Yes, we played two games of 15 minutes each side (30 minutes total) or an hour long.  I declined the 3rd due to me needing a break, getting something to eat, and resting.  You were kind enough to get in chess related conversaation, but I usually play a max of 2 games, rest, then come back.  Us older guys sometimes need a break or rest or bathroom break.

ozzie_c_cobblepot

My thoughts are that you wouldn't be expected to have a rematch for a g/15 at all. If you didn't log out, you may write something like "good game" or something, and if they respond with "rematch?" then you can decline.

That all being said, I think that if the time control were shorter that there is more of an expectation of a rematch. To the extreme case (since I play a lot of 1 0) when you play a 1 0 game, there is an implicit understanding that you'll probably play at least 2 games. Maybe more. While I realize that of course I can leave after 1 game, I personally don't do that as much, and only when I _really_ need to go for some reason. Or maybe they make rude comments or something. But generally speaking I wouldn't play a single 1 0 game, then not rematch, and then play someone else a 1 0 game - whereas I could easily do that after a pair of 1 0 games.

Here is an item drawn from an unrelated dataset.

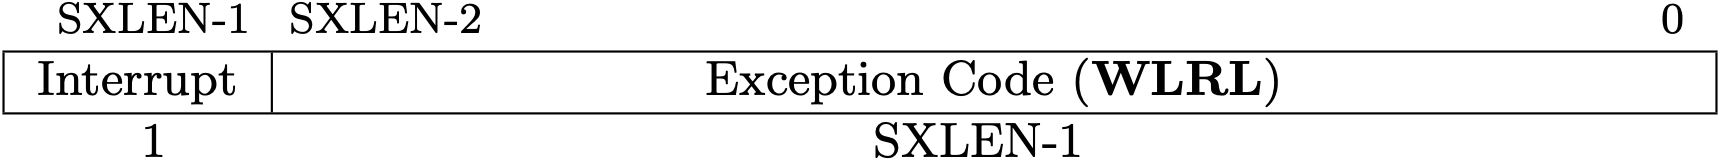 Fig 3.16 scause register (Source: Figure 4.11: Supervisor Cause register scause. in Volume II: Privileged Architecture)

So with that extra data point, I don't know where the cutoff is. I think it might be at the 5 0 point though.

I suppose I'm just adding the extra dimension of time control to the general nonlinear problem of manners.

ReedRichards

Some players we cross swords with are just poor losers...or just very immature...I would not feel obligated to play a re-match with such a rude character...put him/her on you exclude list...and move on.